Fri. Jan 31st, 2025


World map with a currency symbol network (Photo: freepik, andranik.h90) Gerd Kommer Multifactor ETF: Alternative to the classic world ETF?

A promising addition – with limitations (Photo: freepik, andranik.h90)

Since June 2023, the Gerd Kommer Multifactor ETF has offered an innovative way to invest globally. The fund presents itself as a possible alternative to established indices such as the MSCI World. He relies on a scientifically based approach that combines factor investing and economic weightings. But is he really the better choice?

Global diversification from a new perspective

The Gerd Kommer Multifactor ETF (ISIN: IE0001UQQ933) was created by Legal & General Investment Management (LGIM) and is based on the specially developed Solactive Gerd Kommer Multifactor Equity Index. Its claim: a more balanced country weighting and broader diversification than conventional indices. Not only market capitalization, but also economic indicators such as gross domestic product (GDP) play a role.

The main aim of the concept is to address a frequently criticized problem: the dominance of individual countries and companies. The MSCI World has a US share of almost 70 percent, which severely limits geographical diversification. The Gerd Kommer Multifactor ETF, on the other hand, aims to reduce cluster risks and also give greater consideration to emerging markets.

The factor investing approach

The core of the fund is the use of so-called factors. 5 proven factor premiums – including favorable valuation (value), high quality (quality) and stable price growth (momentum) – are intended to ensure long-term outperformance compared to classic world indices. Instead of concentrating on the largest companies like capitalization-weighted indices, the fund also takes smaller, often faster-growing companies into account.

This multidimensional approach promises broad diversification. In order to increase the quality of the portfolio, companies with weak performance or high debt are also filtered out. This should not only ensure stability, but also help to better manage risks.

Opportunities and risks at a glance

The broad diversification of the ETF is undoubtedly an advantage. With over 3,500 individual stocks, which are spread geographically and according to factors, the dependence on individual stocks is significantly reduced. The fund also minimizes the risk of overweighting mega-corporations, such as those that characterize the MSCI World.

However, this innovative approach also brings with it challenges. The total expense ratio (TER) of 0.50 percent is low compared to active funds, but is higher than the costs of classic world ETFs, which are often only 0.20 percent or less. Investors pay a price for the complex strategy – a cost factor that is only justified if the hoped-for outperformance actually occurs.

Another risk lies in the relatively short history of the fund. Since it has only been on the market since 2023, there is still no reliable data on how the multi-factor strategy performs in different market phases. Especially in an uncertain environment, it remains unclear whether the fund can also offer the promised resilience in practice.

A question of long-term potential

The performance of the Gerd Kommer Multifactor ETF so far has fallen short of expectations. While established indices such as the MSCI World benefited from the strong performance of US technology stocks, the fund developed less dynamically due to its broader diversification and alternative weighting.

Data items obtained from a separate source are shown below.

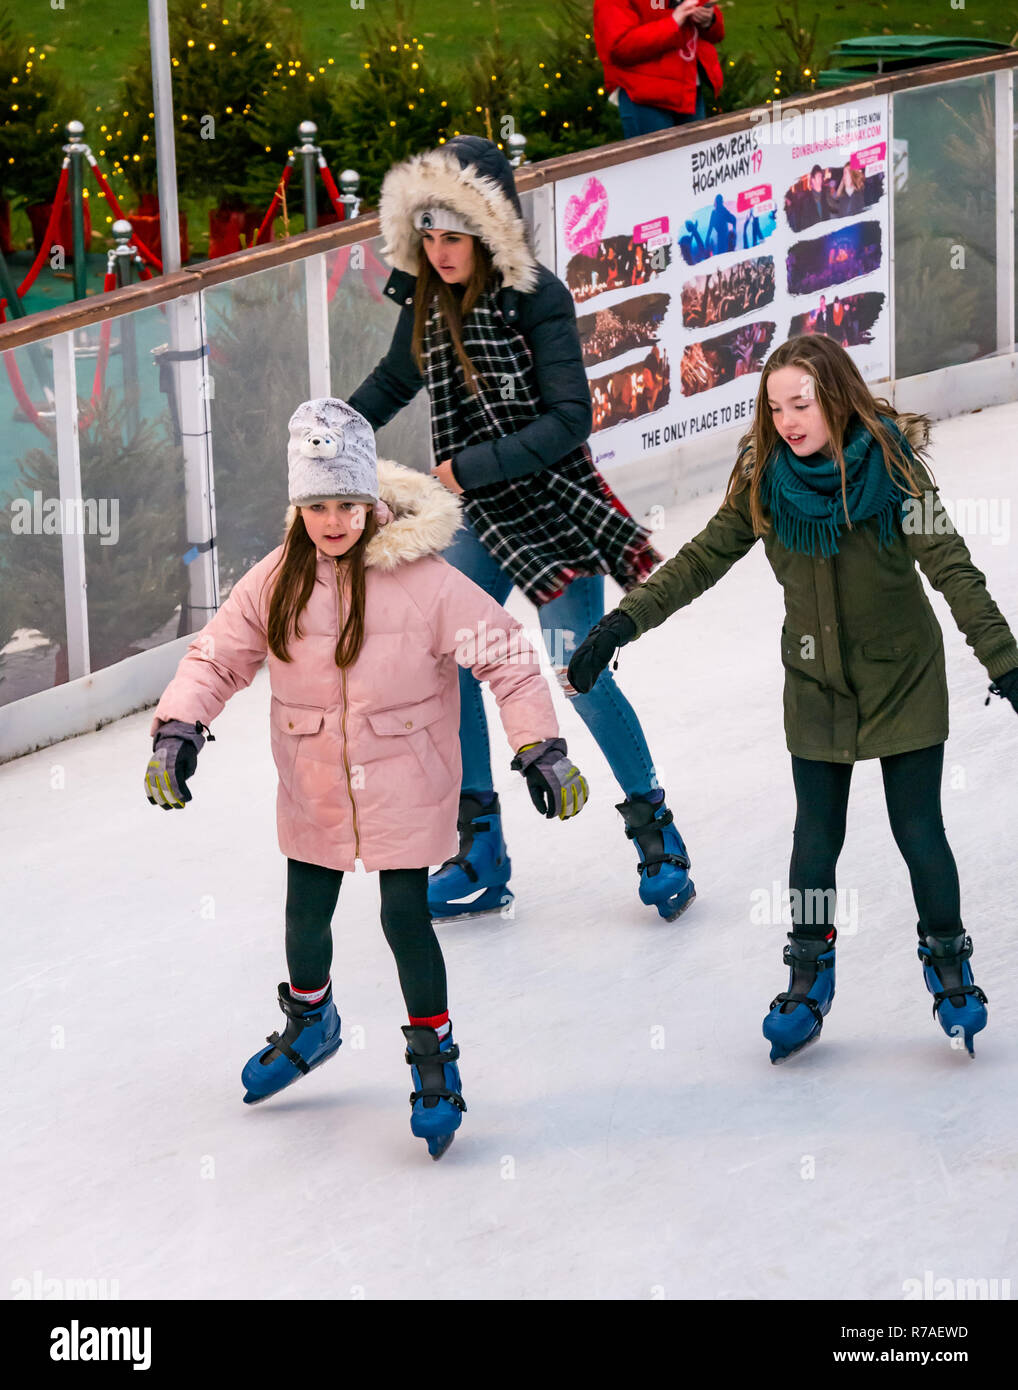 Edinburgh, Schottland, Großbritannien, 8. November 2018. Edinburghs Weihnachtsfeier mit Mädchen Schlittschuhlaufen auf der Eislaufbahn in St. Andrew Square Stockfoto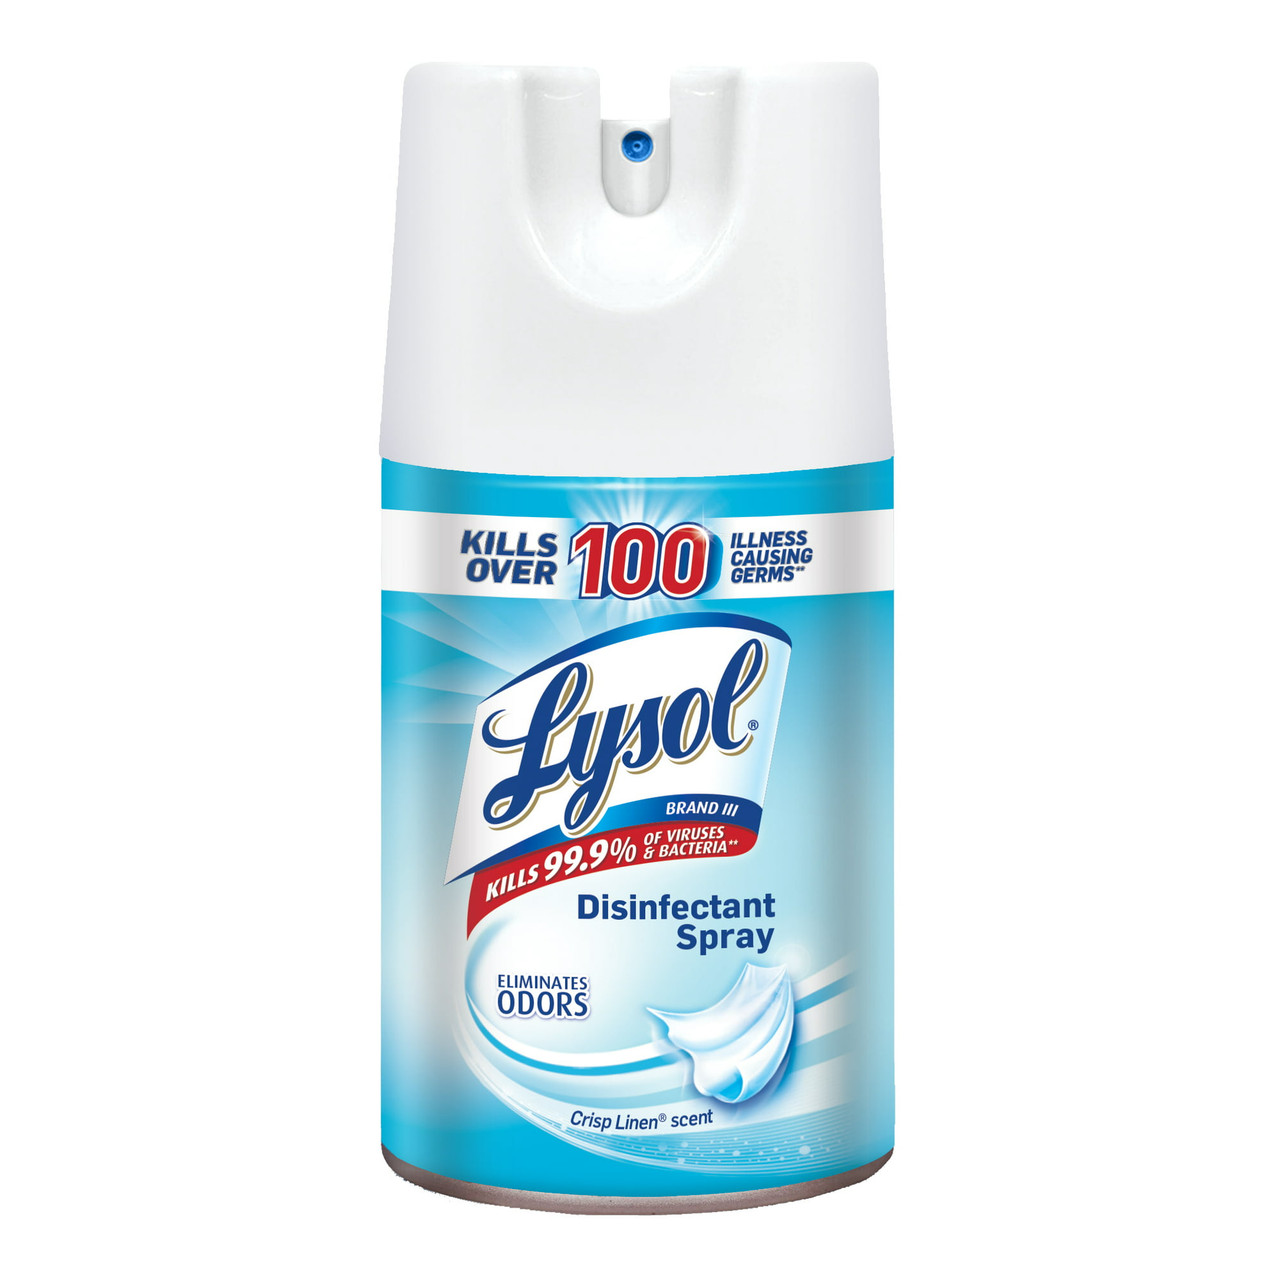 Lysol Crisp Linen Scent, Disinfectant Spray, 6 Oz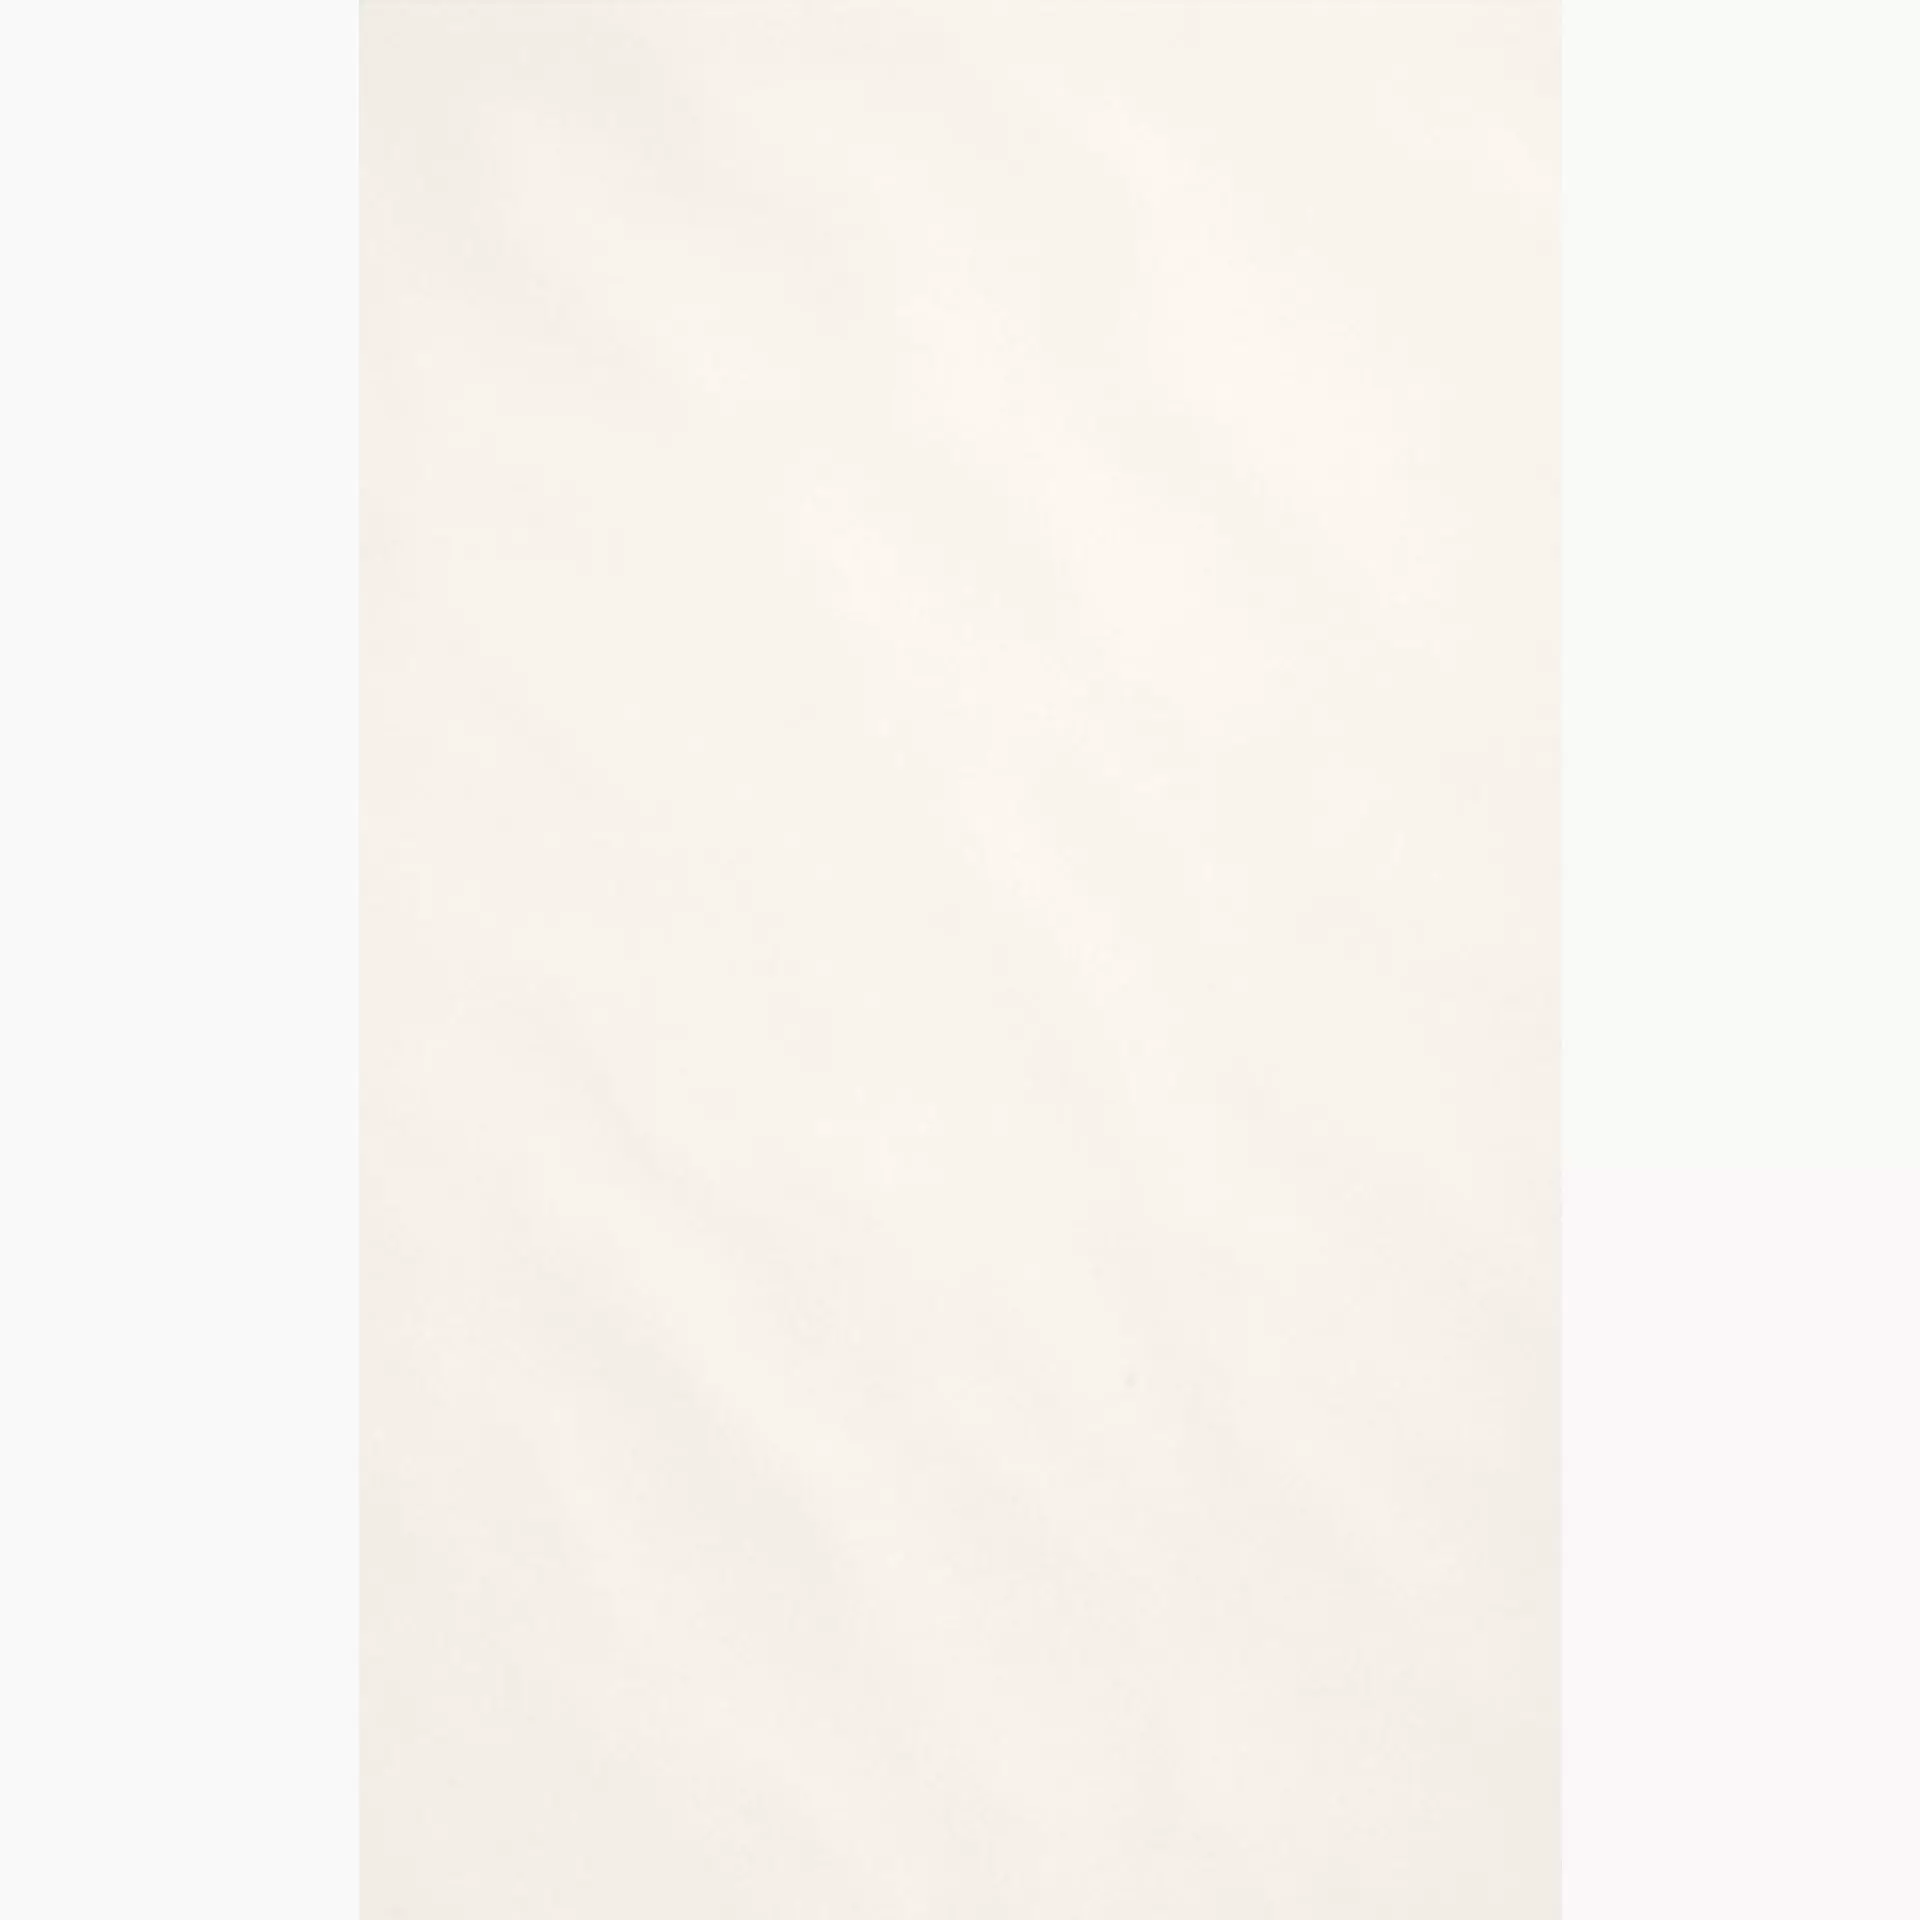 Wandfliese Villeroy & Boch White & Cream White Relief – Glossy White 1391-SW02 glaenzend struktur 25x40cm 8mm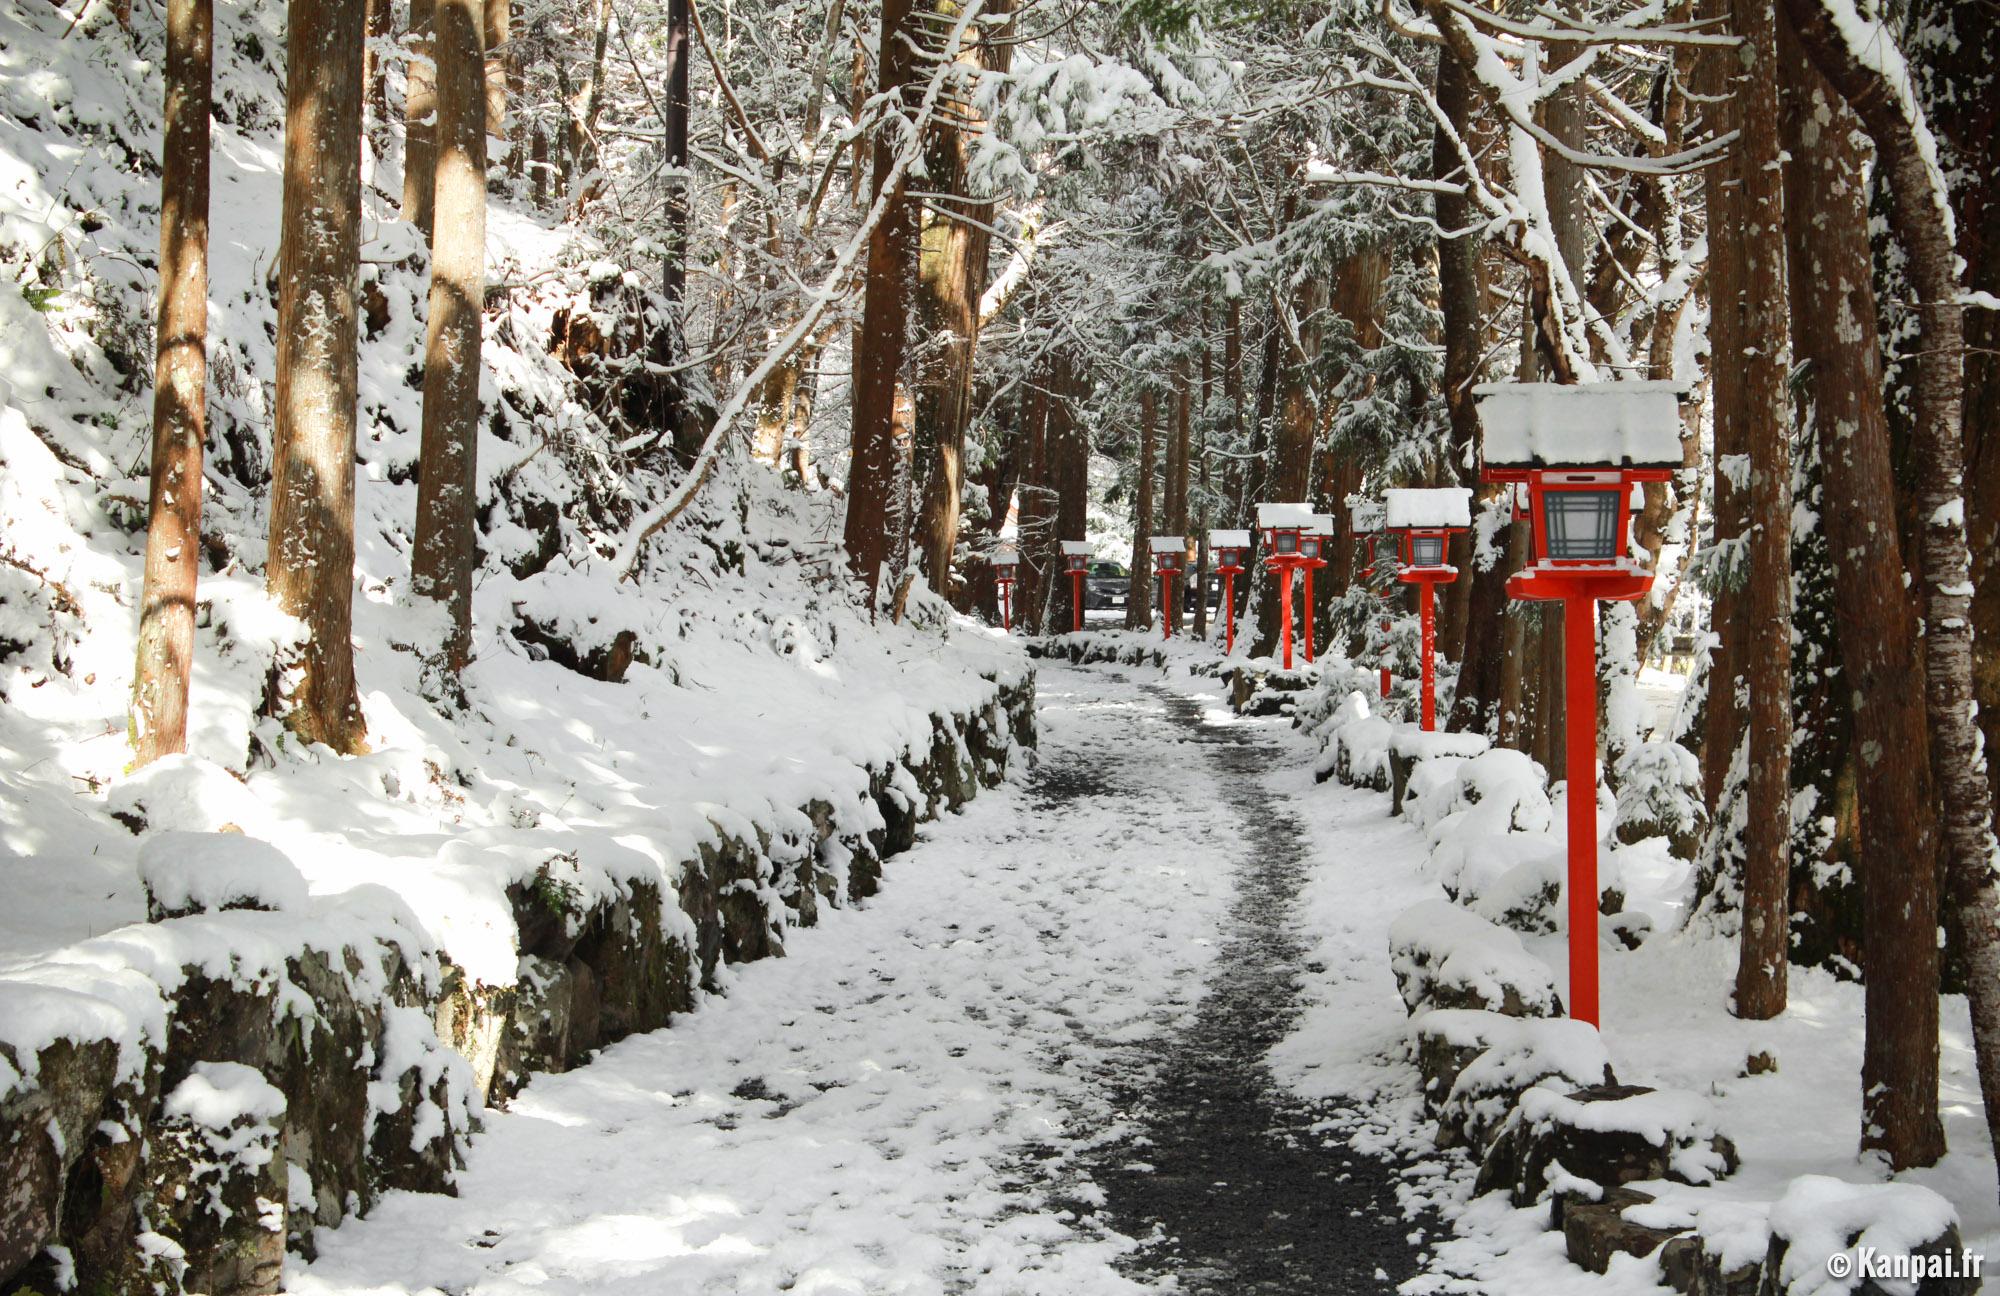 Quel temps Fait-il au Japon en hiver ?

Since its launch on June 15, 2023, the Kommer ETF has been up around 29 percent, while the iShares Core MSCI World ETF, which is favored by many, has gained at least 37 percent over the same period. This may be disappointing for short-term investors, but in the long term the factor investing approach combined with balanced country weighting could show its strengths.

However, investors should be aware that the Fund may exhibit higher volatility, particularly due to greater exposure to emerging markets. While these markets offer growth potential, they are also more vulnerable to political and economic uncertainty.

Conclusion: A promising addition – with limitations

The Gerd Kommer Multifactor ETF offers a refreshingly new perspective on global investing. Its innovative structure based on scientifically based factors and a broad Diversification based, represents an interesting alternative to classic world ETFs. However, caution is advised.

Due to its higher costs, lack of history and potentially higher volatility, it is particularly suitable for long-term investors who are willing to explore new avenues and wait patiently for the fruits of a well-thought-out strategy. This fund could be an interesting building block for investors who are looking for a complement or alternative to the MSCI World. However, it should be used carefully – ideally in a broadly diversified portfolio that also takes other approaches into account.

Disclaimer:
Not investment advice. No call to buy or sell securities.


By Michael Somers

Michael Somers is a finance expert and passionate writer dedicated to simplifying the world of money. With a wealth of knowledge and a flair for breaking down complex financial concepts, Michael crafts articles that help readers make informed decisions about their finances. From personal budgeting and investment strategies to navigating the stock market, understanding cryptocurrency, and planning for retirement, Michael covers all aspects of finance with clarity and precision. His work bridges the gap between technical expertise and everyday financial needs, making money management accessible to everyone. Whether you're a seasoned investor, a young professional starting your financial journey, or someone looking to improve their money habits, Michael’s articles provide valuable insights and actionable advice. Join him as he explores the trends, tools, and tips to help you achieve financial freedom and security.